A PHARMACEUTICAL COMPOSITION OF TRABECTEDIN AND ITS PROCESS FOR PREPARATION
FIELD OF THE INVENTION
The present invention relates to a pharmaceutical composition comprising Trabectedin, also known as ecteinascidin-743 or ET-743, and bulking agent and the process for preparation thereof.
BACKGROUND OF THE INVENTION
Trabectedin (I), chemically known as (l'R,6R,6aR,7R,13S,14S,16R)-5(acetyloxy)-3',4',6,6a,7,13,14,16-octahydro-6',8, i 4-trihydroxy-7\9-dimethoxy-4,10, 23-trimethy lspiro[6,16-(epith iopropanoxymethano)-7,13-imino-12H-1,3-dioxolo [7,8]LSoquino[3,2b][3]benzazocine-20,r(2'H)-isoquinolin]-19-one, has been approved by USFDA under the brand name YONDELIS which is a sterile lyophilized white to off-white powder/cake in a single-dose vial containing trabectedin, potassium dihydrogen phosphate, sucrose, and phosphoric acid and potassium hydroxide and stored at 2°C to 8°C. It is indicated for the treatment of patients with unresectable or metastatic liposarcoma or leiomyosarcoma who received a prior anthracycline-containing regimen.
(I) The patent publication WO 2000/69441 describes the lyophilized pharmaceutical formulation containing trabectedin (ET-743), mannitol, monopotassium phosphate and phosphoric acid to adjust the pH between 4 and 6, with the 4.8 is the preferred pH.

The patent US 8895557 B2 describes the composition containing trabectedin and disaccharide.

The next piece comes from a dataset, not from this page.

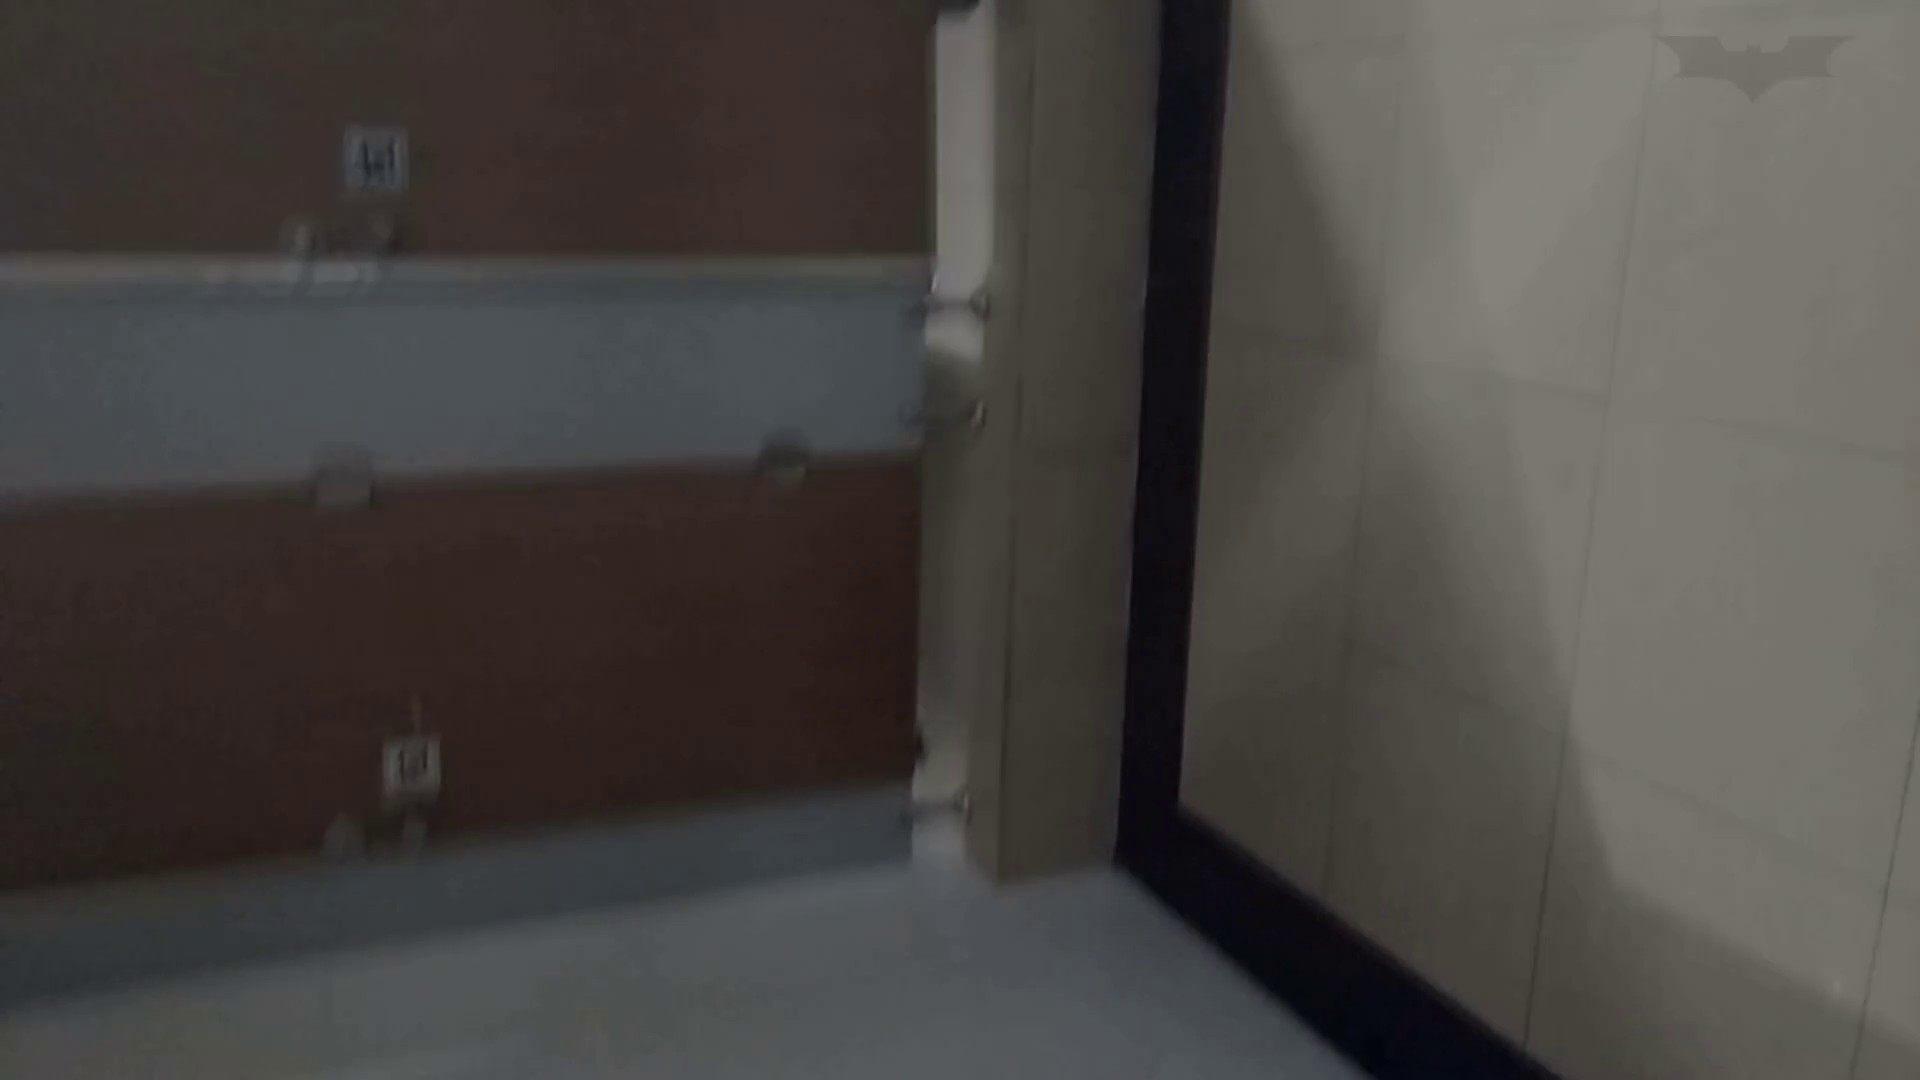 芸術大学ガチ潜入盗撮 JD盗撮 美女の洗面所の秘密 Vol.98 丸見え 性交動画流出 48画像 39

The disaccharide is selected from lactose, trehalose, sucrose, maltose, isomaltose, cellobiose, isosaccharose, isotrehalose, sorbose, turanose, melibiose, gentiobiose, and mixtures thereof.
There is a need to develop a stable pharmaceutical composition of trabectedin and its process for preparation.
SUMMARY OF THE INVENTION
One embodiment of the present invention provides a pharmaceutical composition comprising trabectedin or its pharmaceutically acceptable salt and bulking agent which is selected from monosaccharide or sugar alcohol or combination thereof.

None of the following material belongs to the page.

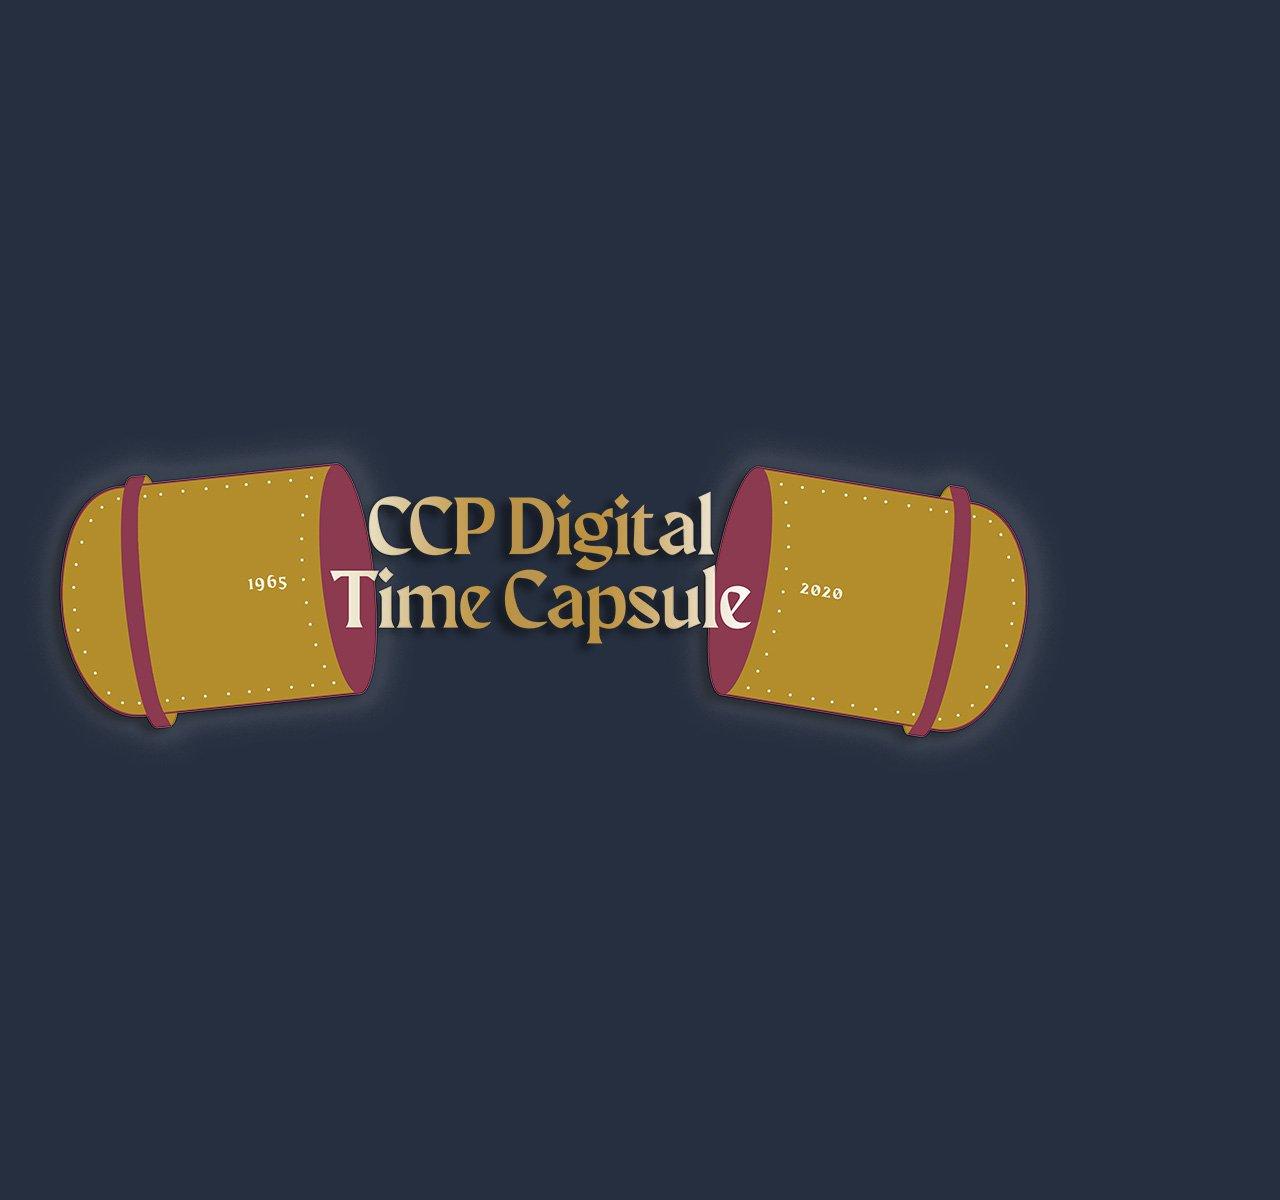 Image does not load (Digital Time Capsule Promo Photo v6)

Another embodiment of the present invention provides a process for preparation of pharmaceutical composition comprising trabectedin or its pharmaceutically acceptable salt and bulking agent which is selected from monosaccharide or sugar alcohol or combination thereof.
Another embodiment of the present invention provides a pharmaceutical composition comprising trabectedin or its pharmaceutically acceptable salt and bulking agent which is selected from combination of sugar alcohol and disaccharide.
Another embodiment of the present invention provides a process for preparation of pharmaceutical composition comprising trabectedin or its pharmaceutically acceptable salt and bulking agent which is selected from combination of sugar alcohol and disaccharide.
Another embodiment of the present invention provides a pharmaceutical composition comprising trabectedin or its pharmaceutically acceptable salt and bulking agent which is selected from amino acids.
Another embodiment of the present invention provides a process for preparation of pharmaceutical composition comprising trabectedin or its pharmaceutically acceptable salt and bulking agent which is selected from amino acids.

DETAILED DESCRIPTION OF THE INVENTION
First embodiment of the present invention provides a pharmaceutical composition comprising trabectedin or its pharmaceutically acceptable salt and bulking agent which is selected from monosaccharide or sugar alcohol or combination thereof.
The pharmaceutically acceptable salt is selected from acid addition salt and the base addition salt. The acid is selected from formic acid, acetic acid, propionic acid, oxalic acid, succinic acid, malonic acid, malic acid, fumaric acid, hydrochloric acid, phosphoric acid, sulfuric acid and the like. The base is selected from sodium hydroxide, potassium hydroxide, calcium hydroxide, amine and the like.
The monosaccharide is selected from dextrose, fructose and galactose; preferably dextrose and fructose. The sugar alcohol is selected from mannitol, sorbitol xylitol, maltitol and lactitol and the like; preferably mannitol. The combination of monosaccharide with sugar alcohol is selected from the combination of dextrose with mannitol, combination of fructose with mannitol and the like.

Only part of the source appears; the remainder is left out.